Stockholm/Hamburg. Wie wissen wir, wo wir sind? Wie finden wir den richtigen Weg in unserer Umgebung? Und wie wird dieses Wissen in unserem Gehirn so verankert, dass wir uns an den Weg später noch erinnern können? Für die Entdeckung des inneren Navigationssystems im Gehirn erhalten in diesem Jahr drei Hirnforscher den Medizin-Nobelpreis. Das gab am Montag die schwedische Nobel-Versammlung am Karolinska-Institut in Stockholm bekannt.
Eine Hälfte der mit rund 880.000 Euro dotierten Auszeichnung geht an den US-Forscher Prof. John O’Keefe, 74, der am University College in London arbeitet. Die andere Hälfte erhält das norwegische Forscherehepaar Prof. May-Britt Moser, 51, und Prof. Edvard Moser, 52, das für seine wissenschaftlichen Erkenntnisse erst kürzlich in Hamburg mit dem renommierten Körber-Preis ausgezeichnet worden war.

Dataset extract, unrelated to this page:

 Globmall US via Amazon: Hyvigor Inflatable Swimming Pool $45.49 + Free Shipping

O’Keefe entdeckte 1971 in Versuchen mit Ratten, dass spezielle Nervenzellen in einer Hirnregion, dem sogenannten Hippocampus, aktiviert wurden, wenn die Tiere einen bestimmten Platz in ihrer Umgebung aufsuchten. Dabei stellte er auch fest, dass für unterschiedliche Plätze auch unterschiedliche „Ortszellen“ aktiviert wurden. Er schloss daraus, dass aus der Vielzahl dieser Zellen eine innere Landkarte im Hirn der Tiere entsteht, die im Gedächtnis verankert wird und es den Tieren ermöglicht, sich in ihrer Umgebung zurechtzufinden, ihnen sozusagen einen Ortssinn verleiht.

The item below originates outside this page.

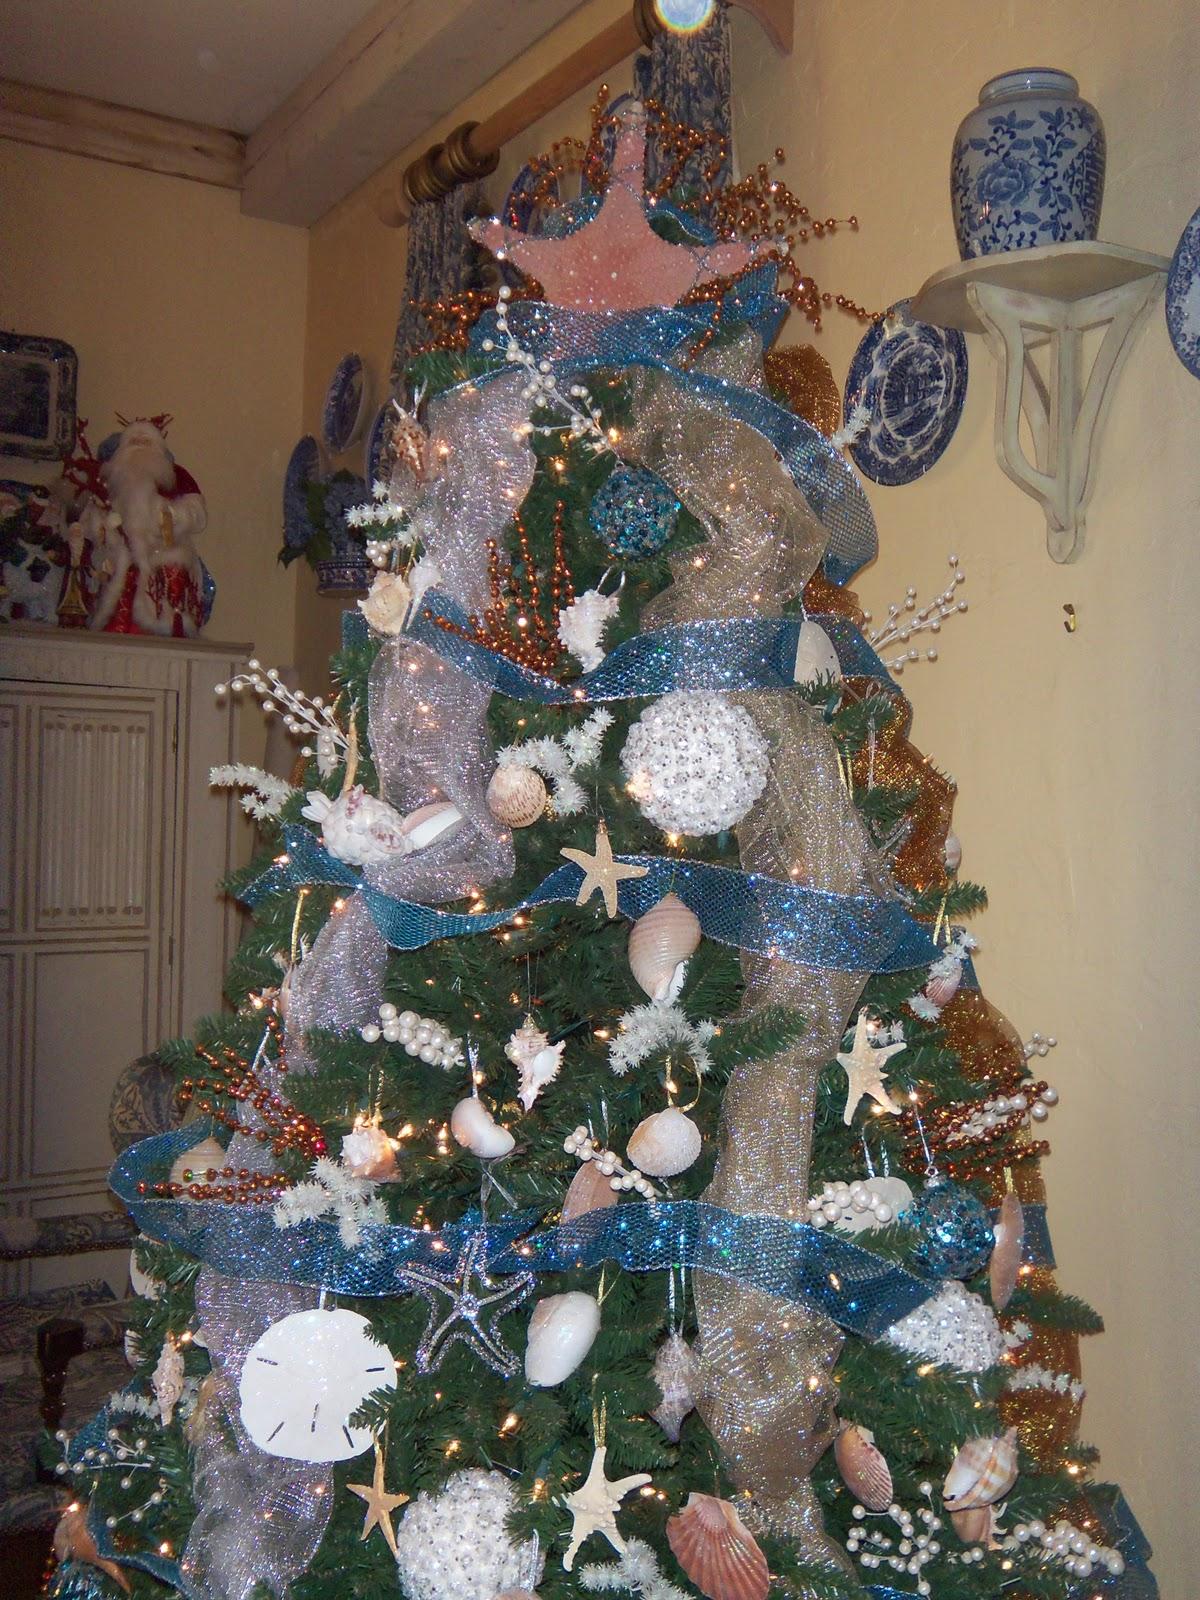 The Posh Pixie: Christmas Trees

Das Ehepaar Moser hatte 2005 in Gehirnen von Mäusen sogenannte Rasterzellen gefunden, und zwar im entorhinalen Cortex, einer Region ganz in der Nähe des Hippocampus. Sie fanden heraus, dass es dort Zellen gibt, die eine Art inneres Koordinatensystem erstellen, das eine räumliche Orientierung ermöglicht. Zusammen mit Zellen, die die Stellung des Kopfes und die Grenzen des Raumes erkennen können, bilden sie mit den Ortszellen im Hippocampus Schaltkreise, die eine präzise Orts- und Wegbestimmung möglich machen.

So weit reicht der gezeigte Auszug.